# Pflanzen in diesem Teich möglich?



## Teichforum.info (27. März 2007)

Hallo!

Ich bin neu hier und ihr müsst unbedingt unseren Teich retten.

Wir haben einen Teich im Garten den ich für die Uni gerne zu einem richtigen Teich machen würde. Nebenbei würde ich da auch gerne im Sommer meine Aquarienfische reinsetzen. 

Im Moment ist es eine Kiste von ca. 1,5m x 1,5m. Der Teich steht schief, daher ist er hinten ca. 30cm hoch und vorne ca. 20cm. Gebaut wurde er aus alten Eisenplatten, was nicht sonderlich hübsch aussieht, vorallem nicht hinten, da ja hier aufgrund der Schieflage die Eisenplatten deutlich sichtbar sind.

Auf dem Bodengrund befindet sich noch etwas Schlamm. Das Gröbste habe ich weg gemacht, mittlerweile sieht das Wasser auch wieder sauber aus. 

In der Mitte des Teiches gibt es eine Steininsel, welche ca. 40cm x 40cm groß ist. Darauf befindet sich eine große Pflanze, die mit ihren Wurzeln die Steine bereits auseinandergedrückt hat. 

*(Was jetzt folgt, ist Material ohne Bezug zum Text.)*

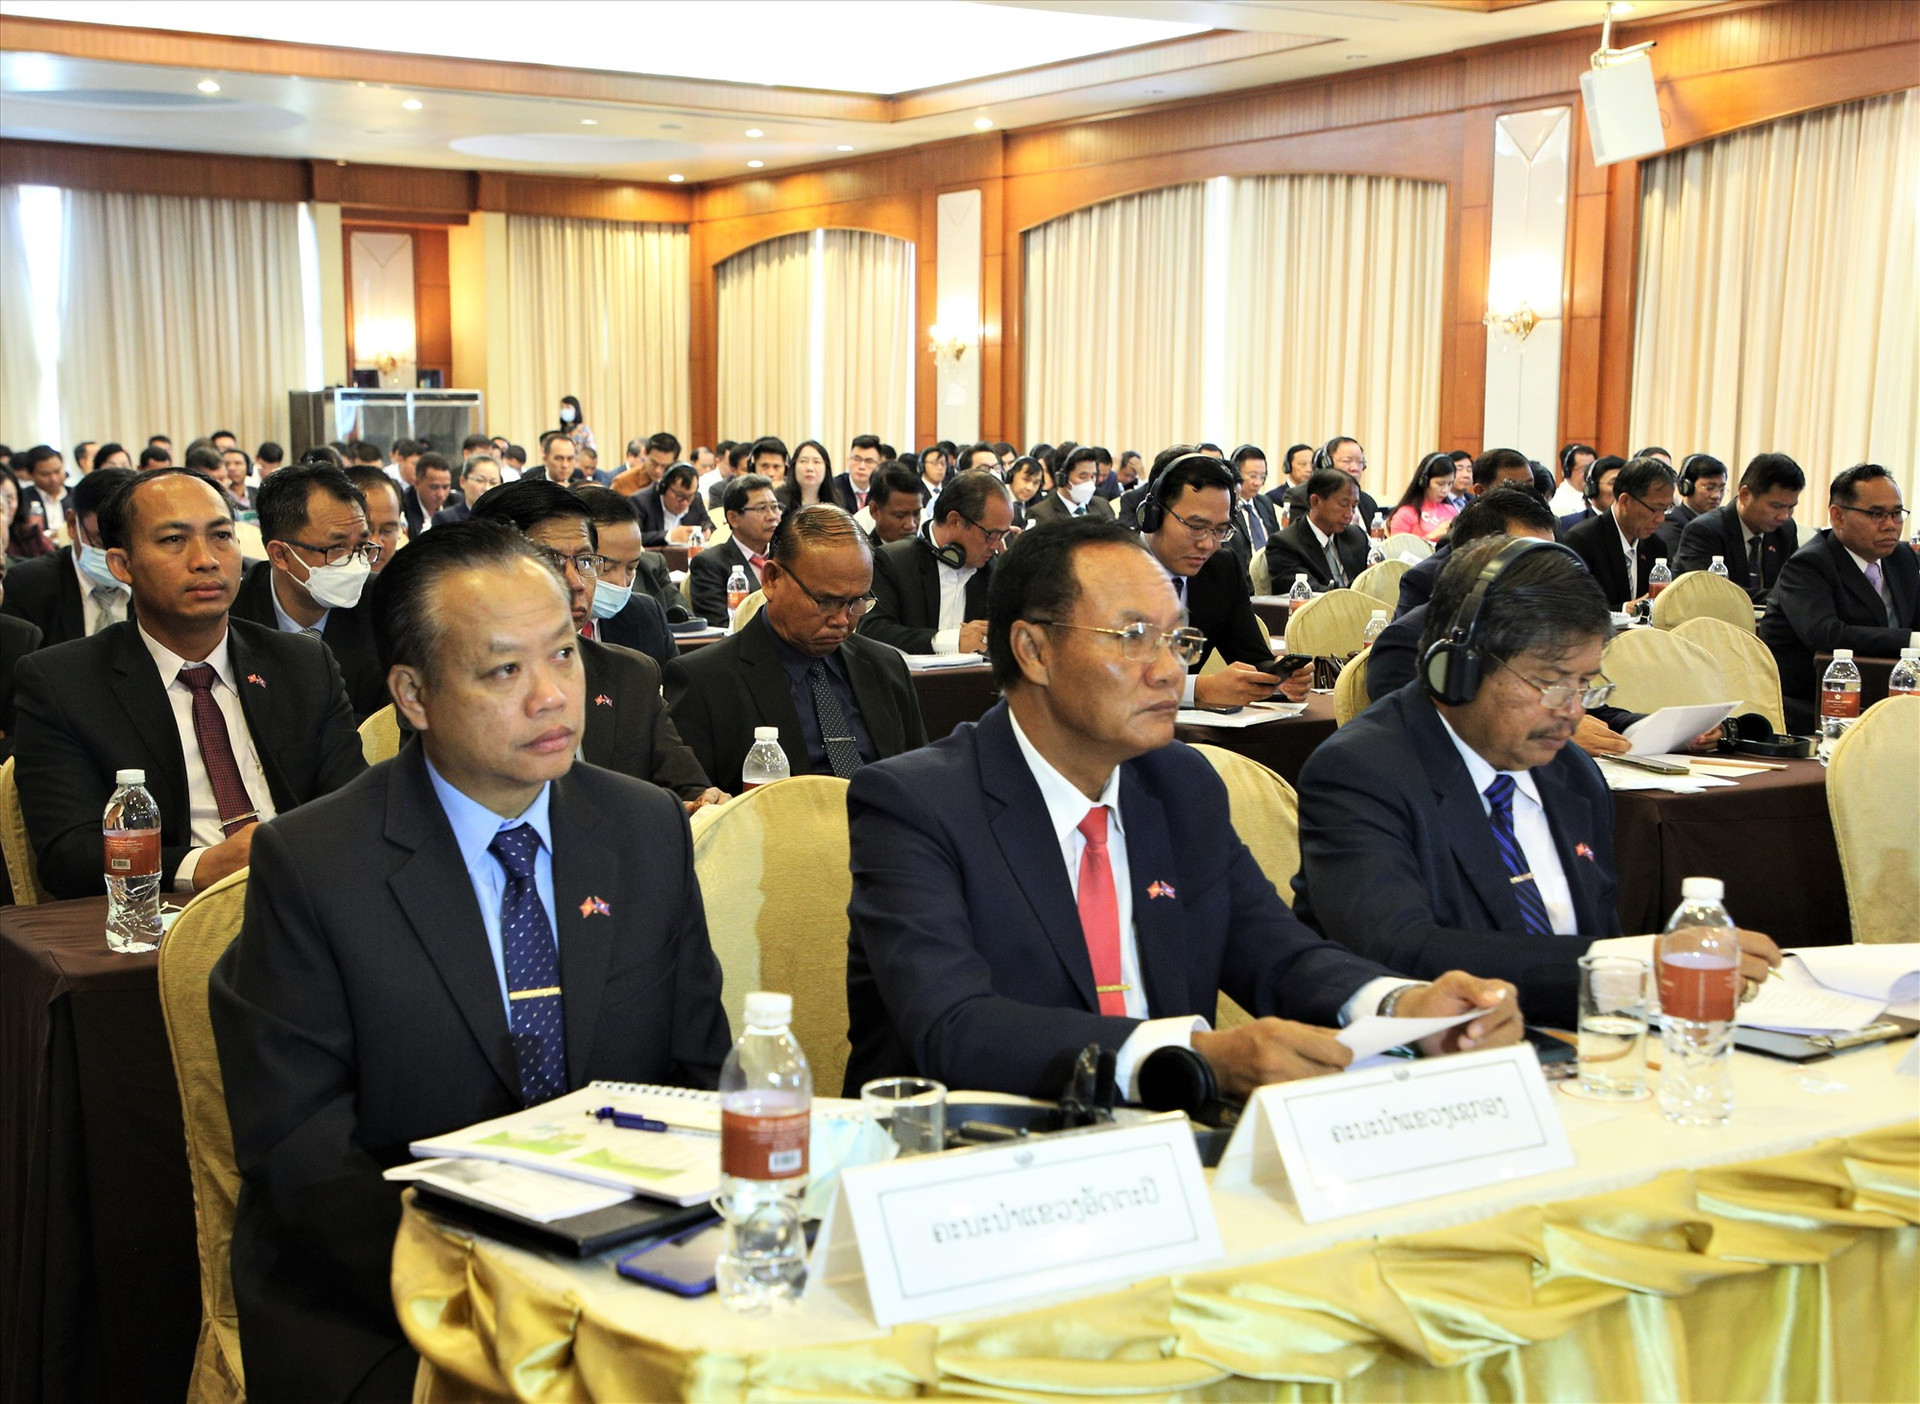 Lãnh đạo các tỉnh Nam Lào tham dự hội nghị, mong muốn hợp tác lâu dài về đầu tư phát triển kinh tế cùng các tỉnh của Việt Nam. Ảnh: A.N

Rund um den Teich gibt es nicht viel, außer ein paar mikriegen Büschen.



Nun mal meine Frage:


Wie schaffe ich es, dass aus diesem Teich ein Teich wird? Da fehlen einfach Pflanzen.

Kann ich da überhaupt Pflanzen rein machen?

Und wenn ja wie viele? Ich wollte bei ebay ein Pflanzenset ersteigern mit 60 Pflanzen oder so.

Ich bitte um Rat.

Liebe Grüsse Sandra


----------



## Teichforum.info (28. März 2007)

Hallo Sandra,

wie tief wird der Teich den sein, wenn er gerade steht? Wasserfläche ist ja 2 Quadratmeter (ca.)

Ich würde dir raten, dass du dich bei www.nymphaion.de mal umsiehst, dort findest du für deinen Teich recht schnell und einfach die richtigen Pflanzen.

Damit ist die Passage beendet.